FT was indicated as LT₅₀ of 11 olive cultivars by plotting all the conductivity data against temperature (Fig. 2). The results showed that FT of all studied cultivars increased significantly during CA stage (winter, mean of LT₅₀ was −11.89 °C), in compared to NA stage (summer, mean of LT₅₀ was −6.97 °C). At CA stage, the most FT was found with Fishomi (LT₅₀ −13.4 °C), Mission (LT₅₀ −13.2 °C) and Shengeh (LT₅₀ −13 °C) cultivars, respectively, whereas Zard (LT₅₀ −9.8 °C), Manzanilla (LT₅₀ −10.6 °C) and Amigdalolia (LT₅₀ −10.8 °C) were found to be the most sensitive cultivars respectively (Fig. 2). Leccino, Arbequina, Coratina, Roghani and Mari have shown moderate tolerance. Similarly, during the NA stage, Fishomi (LT₅₀ −8.2 °C), Mission (LT₅₀ −8.1 °C) and Shengeh (LT₅₀ −8 °C) were the most freezing resistant, respectively, whereas Amigdalolia (LT₅₀ −5.9 °C), Zard (LT₅₀ −6 °C), and Manzanilla (LT₅₀ −6.4 °C) were the most sensitive cultivars, respectively.

Fig. 2

Changes in LT₅₀ of 11 olive cultivars (Fis Fishomi, Mis Mission, She Shengeh, Lec Leccino, Cor Coratina, Arb Arbequina, Rog Roughani, Man Manzanilla, Ami Amigdalolia, Mar Mari, Zar Zard) during cold (CA) and non (NA) Acclimation. Vertical bars indicate standard errors from means (n = 3). Values with different letters are significantly different, as determined by the LSD test (p ≤ 0.05)

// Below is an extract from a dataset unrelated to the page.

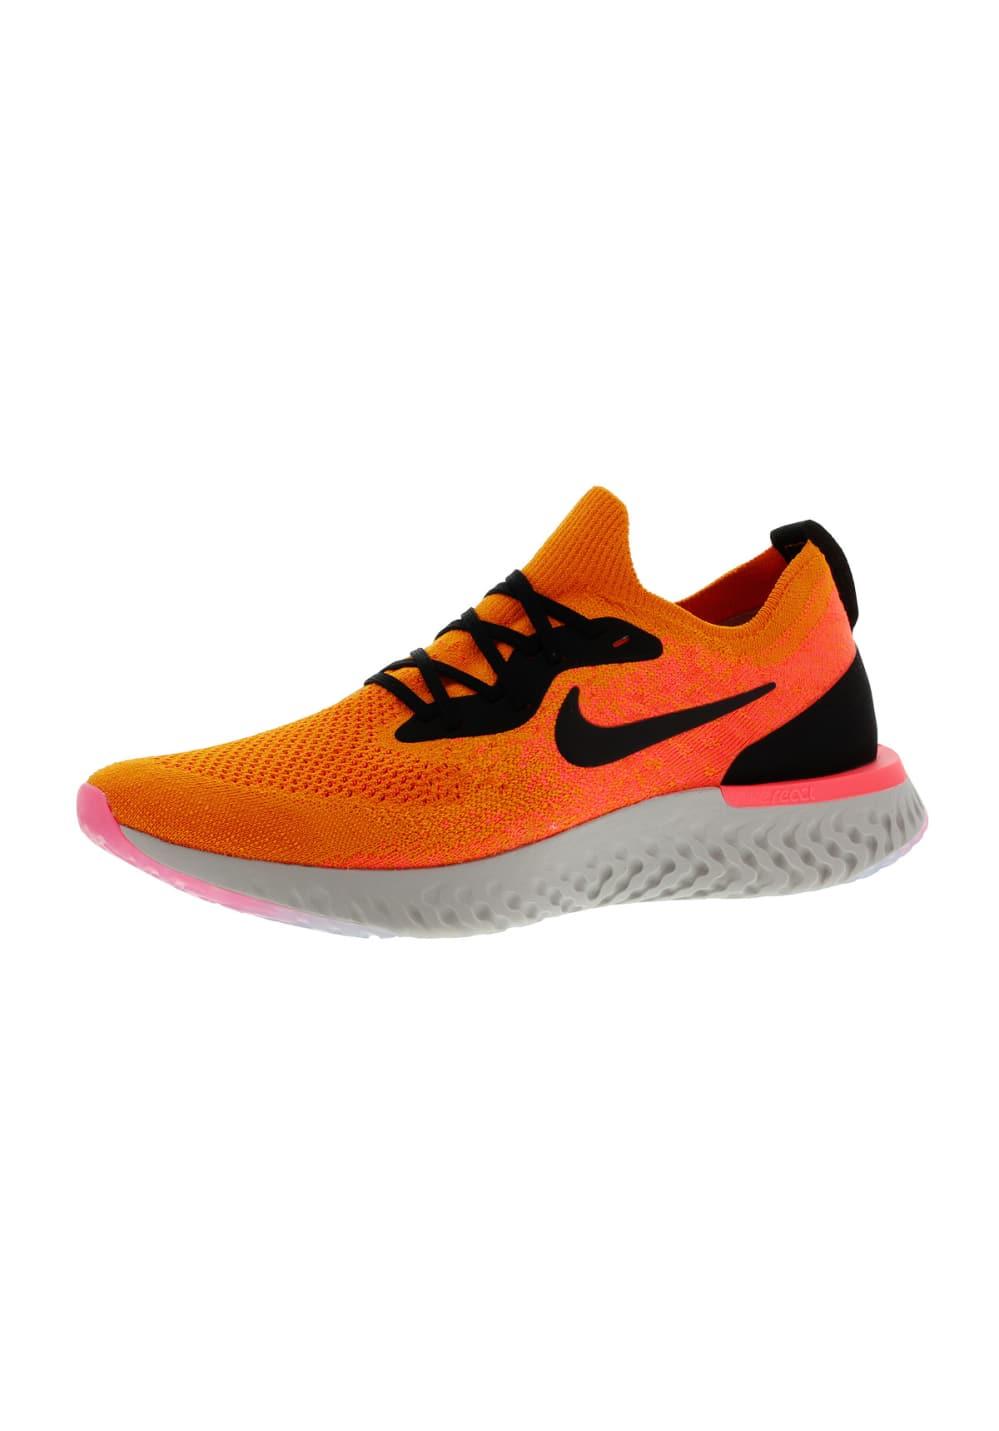 huge discount 306af cec53 Nike Odyssey React - Running shoes for Men - Orange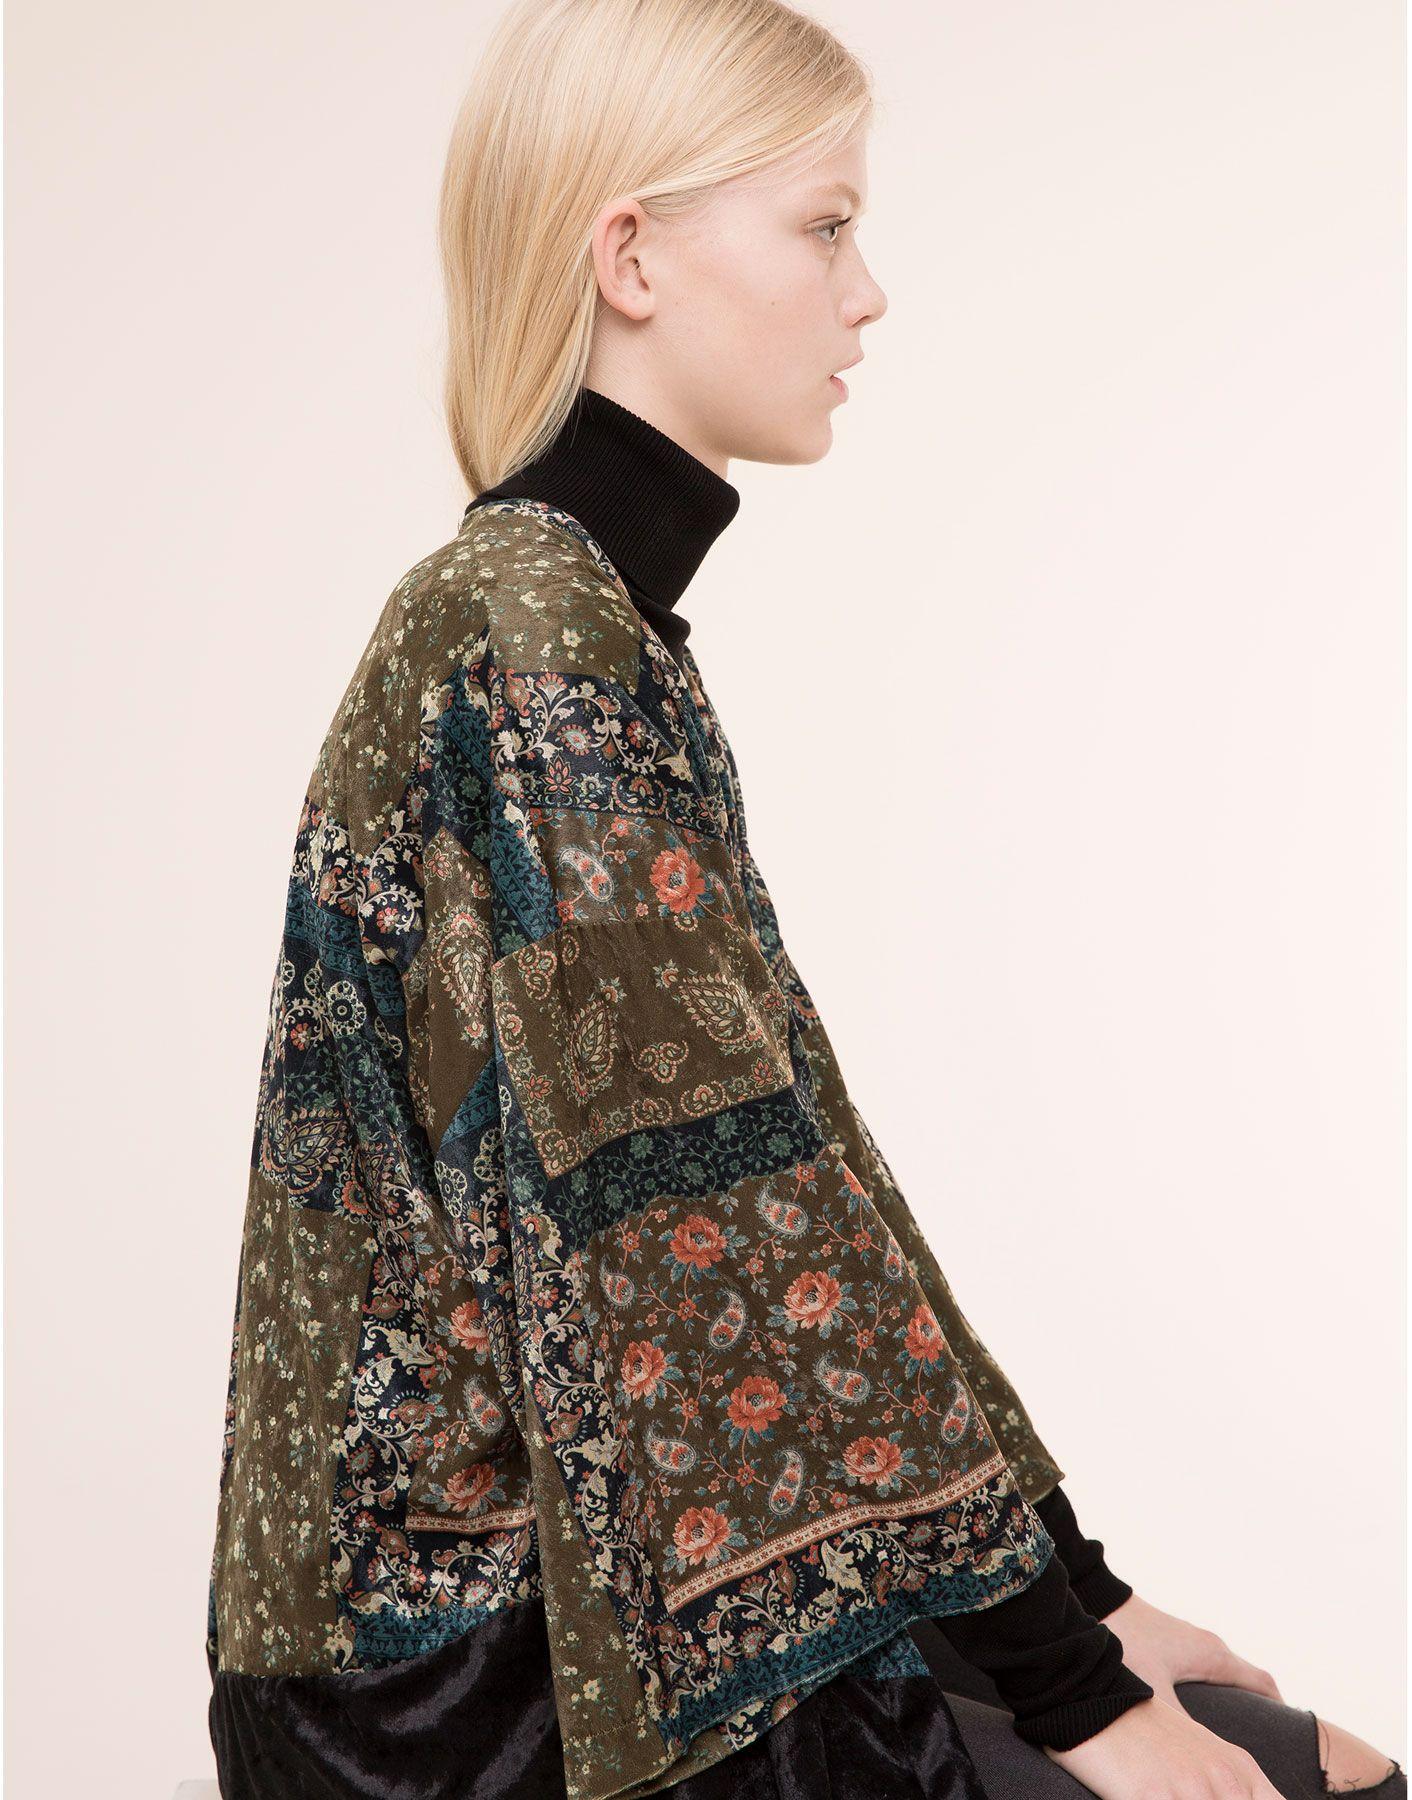 Y Kimono Ponchos Terciopelo Pull amp;bear Kimonos Chaqueta Mujer awqOgtaU

Antioxidant enzymes activity

The enzymatic activities of SOD, POD, APX, CAT, PPO and PAL in leaves of the 11 olive cultivars were measured under CA and NA stages.

The SOD activity of all studied cultivars, except for Mari and Amigdalolia, were significantly increased at the CA stage compare to NA stage (Fig. 3a). In addition, SOD activity was different among cultivars in both CA and NA stages. The highest SOD activity was assessed in cvs. Leccino (229.23 U/g FW), Mission (223.59 U/g FW) and Arbequina (204.61 U/g FW), at CA stage, whereas the highest SOD activity was assayed in cvs. Mari (226.01 U/g FW), Leccino (213.85 U/g FW) and Amigdalolia (203.38 U/g FW) at NA stage. In contrast, the lowest SOD activity was assessed in cvs. Shengeh (163.58 U/g FW), Zard (166.66 U/g FW) and Mari (167.18 U/g FW) at CA stage, whereas the lowest SOD activity was observed in cvs. Arbequina (120.27 U/g FW), Fishomi (120.6 U/g FW) and Shengeh (122.97 U/g FW) at NA stage.

Fig. 3

Changes in antioxidant enzyme activities; SOD (a) and APX (b) of 11 olive cultivars (Fis Fishomi, Mis Mission, She Shengeh, Lec Leccino, Cor Coratina, Arb Arbequina, Rog Roughani, Man Manzanilla, Ami Amigdalolia, Mar Mari, Zar Zard) during winter (CA stage) and summer (NA stage). Vertical bars indicate standard errors from means (n = 3). Values with different letters are significantly different, as determined by the LSD test (p ≤ 0.05)

There was no linear regression between SOD activity and LT₅₀ at both of CA and NA stages. Furthermore, there was no significant (ns) correlation coefficient between LT₅₀ and SOD activity under CA (r = −0.489^ns) and NA (r = 0.229^ns) stages.

The APX activity of all studied cultivars, except for Zard was significantly higher at CA stage than NA stage (Fig. 3b). The highest APX activity was found in Mari (599.87 U/g FW min), Amigdalolia (597.74 U/g FW min) and Roughani (597.18 U/g FW min) in CA stage, whereas the lowest APX activity was assessed in Arbequina (262.11 U/g FW min), Manzanilla (306.66 U/g FW min) and Mission (352.97 U/g FW min) at NA stage. There was no linear regression between the APX activity and LT₅₀ at both of CA and NA stages. Furthermore, there was no significant correlation coefficient between LT₅₀ and SOD activity at both CA (r = 0.220^ns) and NA (r = −0.010^ns) stages.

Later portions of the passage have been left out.